Starting with the line that holds "SETAC Montevideo exhibit hall floor plan" and stopping after the line that holds "csiagent.dll 文件丢失？。 适用于", repeat the lines below word for word, without the pictures.

== Data provided ==
• • • • •

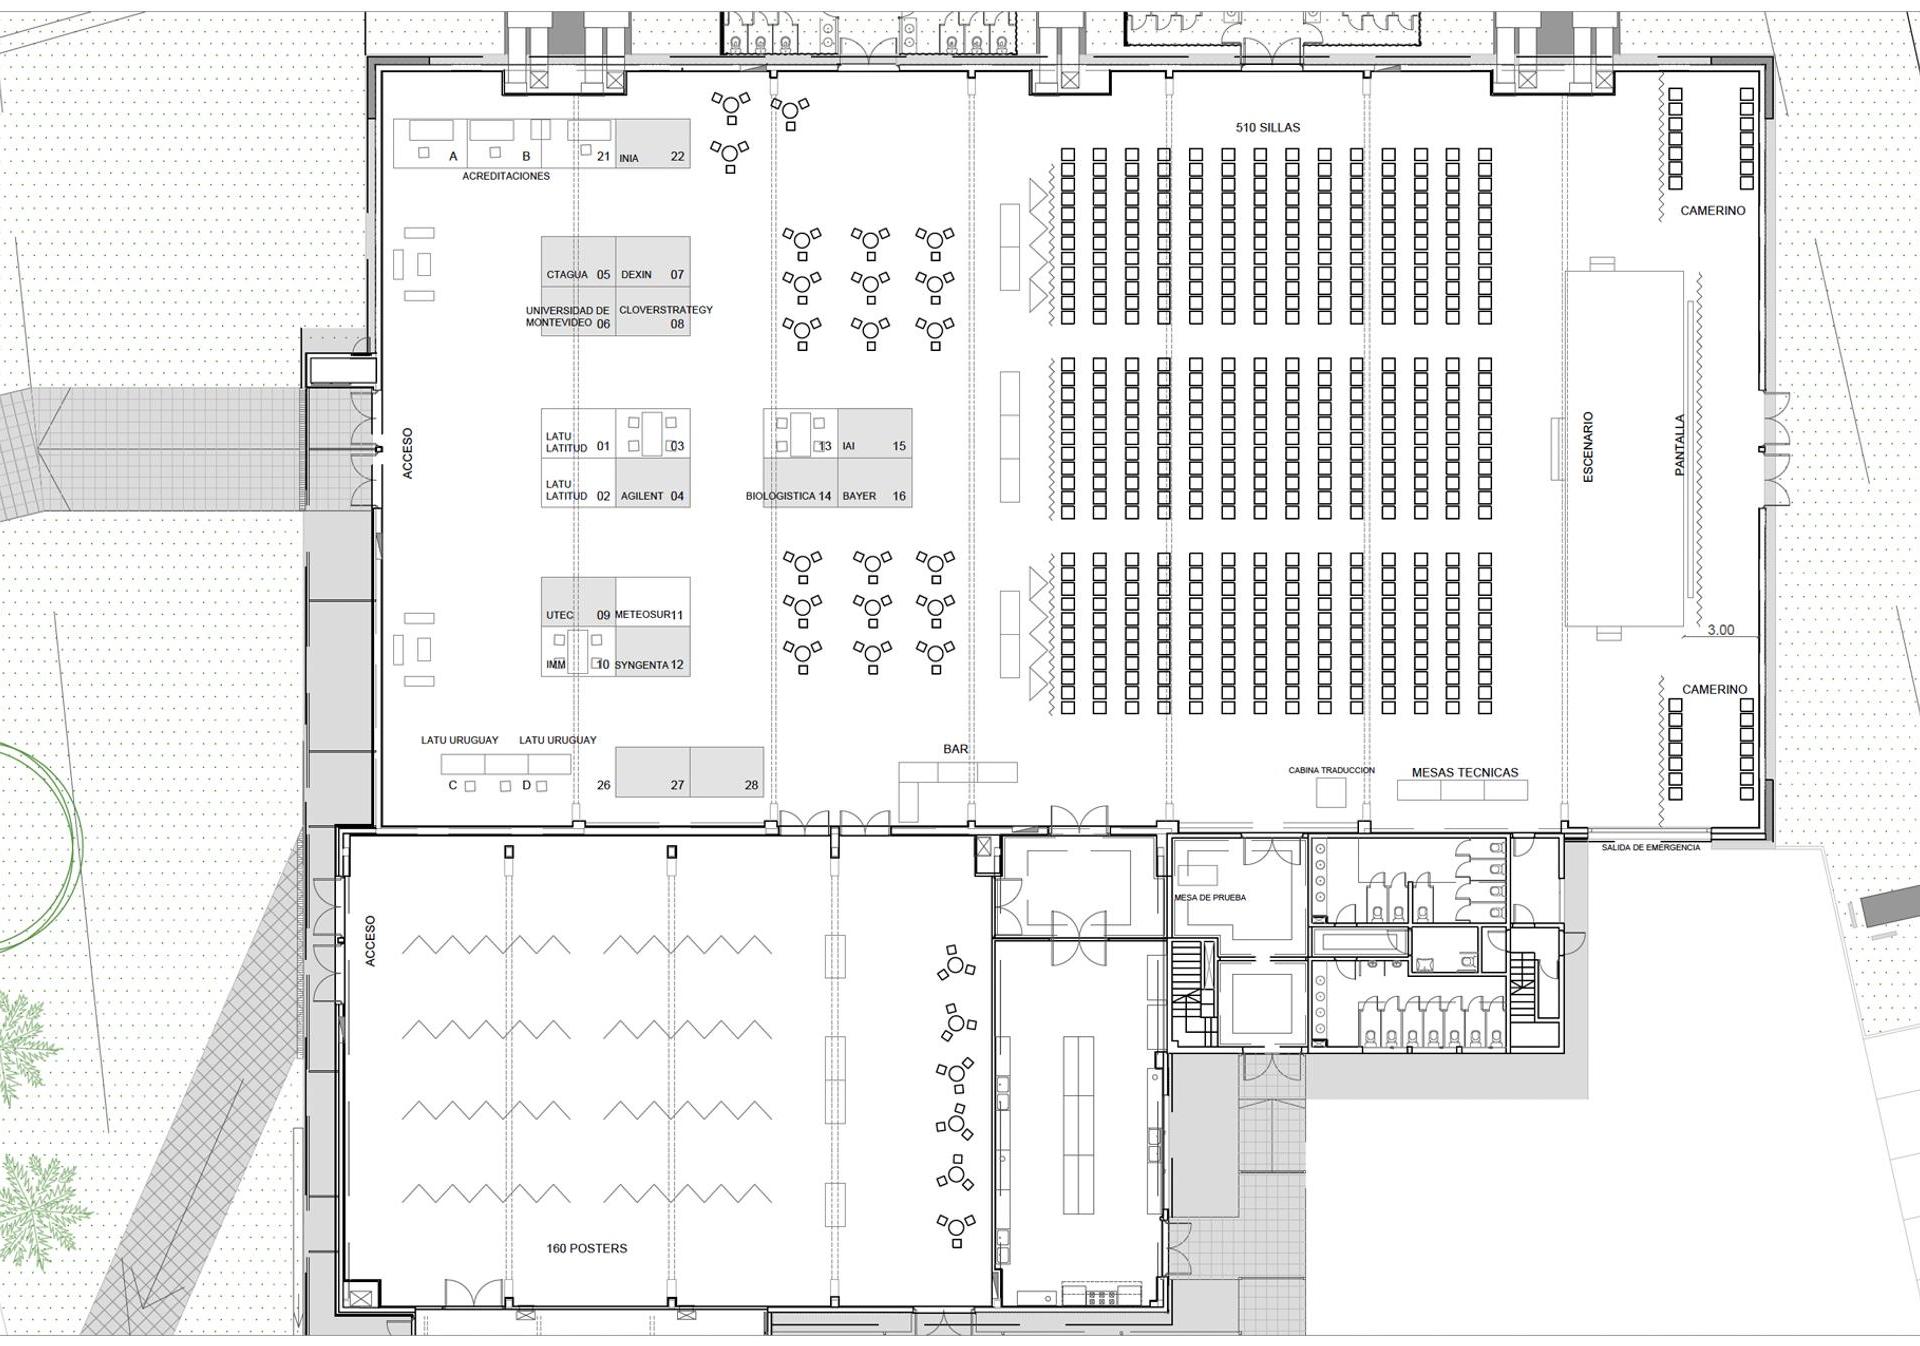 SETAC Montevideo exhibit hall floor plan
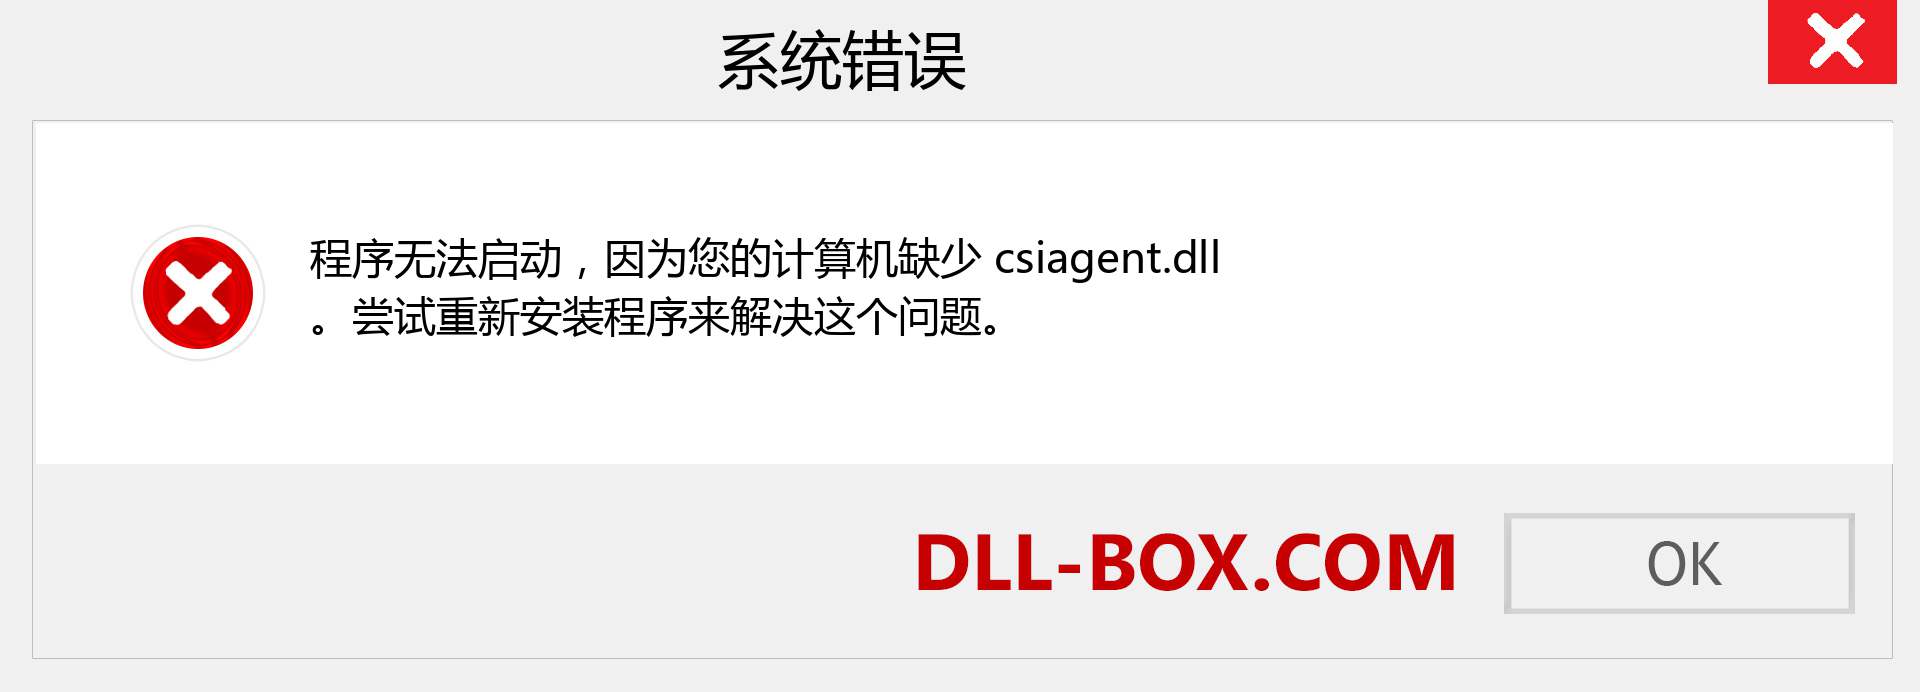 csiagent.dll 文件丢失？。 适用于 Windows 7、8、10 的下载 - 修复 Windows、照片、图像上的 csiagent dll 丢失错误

• • • • •

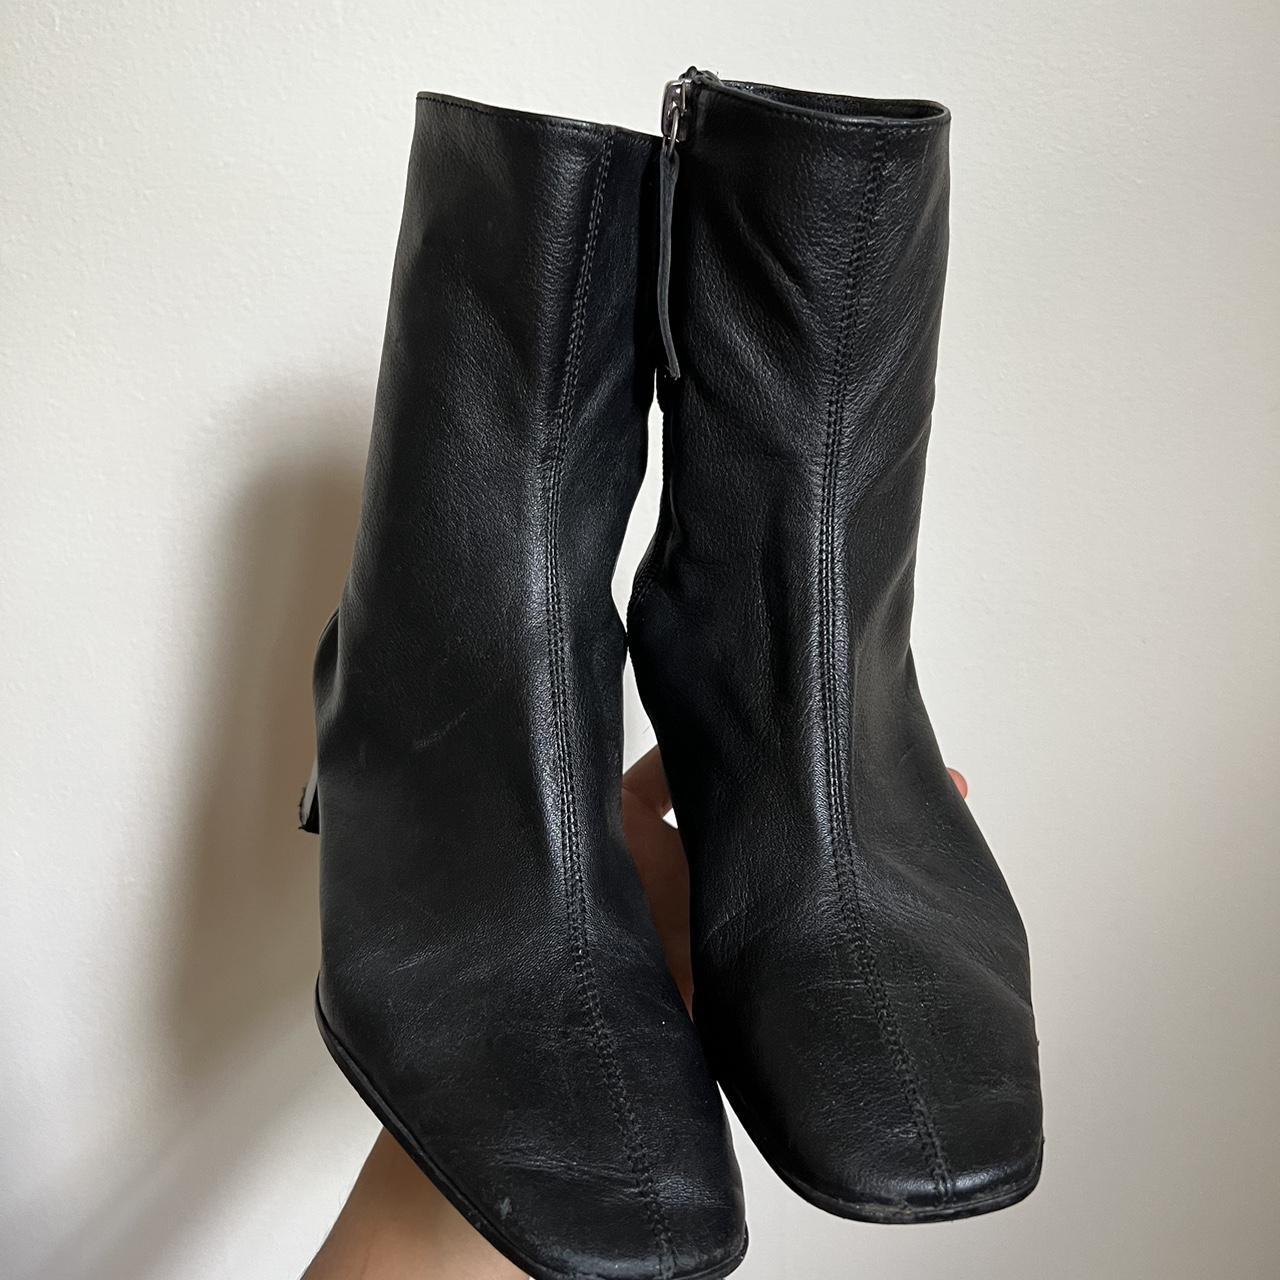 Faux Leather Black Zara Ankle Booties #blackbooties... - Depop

• • • • •

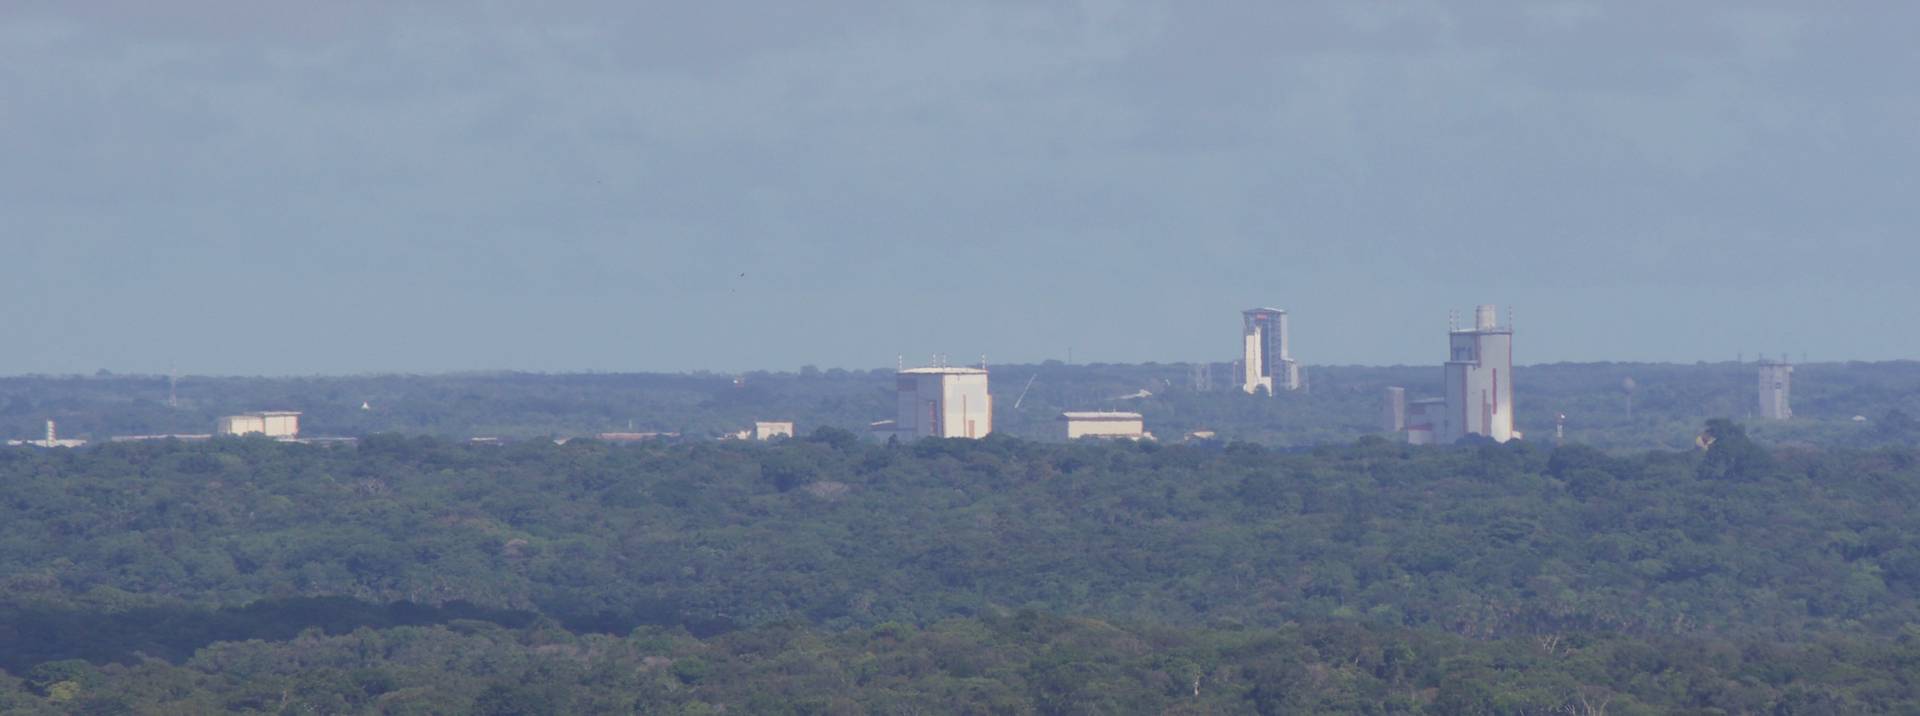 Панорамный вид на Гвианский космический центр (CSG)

• • • • •

== Solution to the exercise ==
 SETAC Montevideo exhibit hall floor plan
 csiagent.dll 文件丢失？。 适用于 Windows 7、8、10 的下载 - 修复 Windows、照片、图像上的 csiagent dll 丢失错误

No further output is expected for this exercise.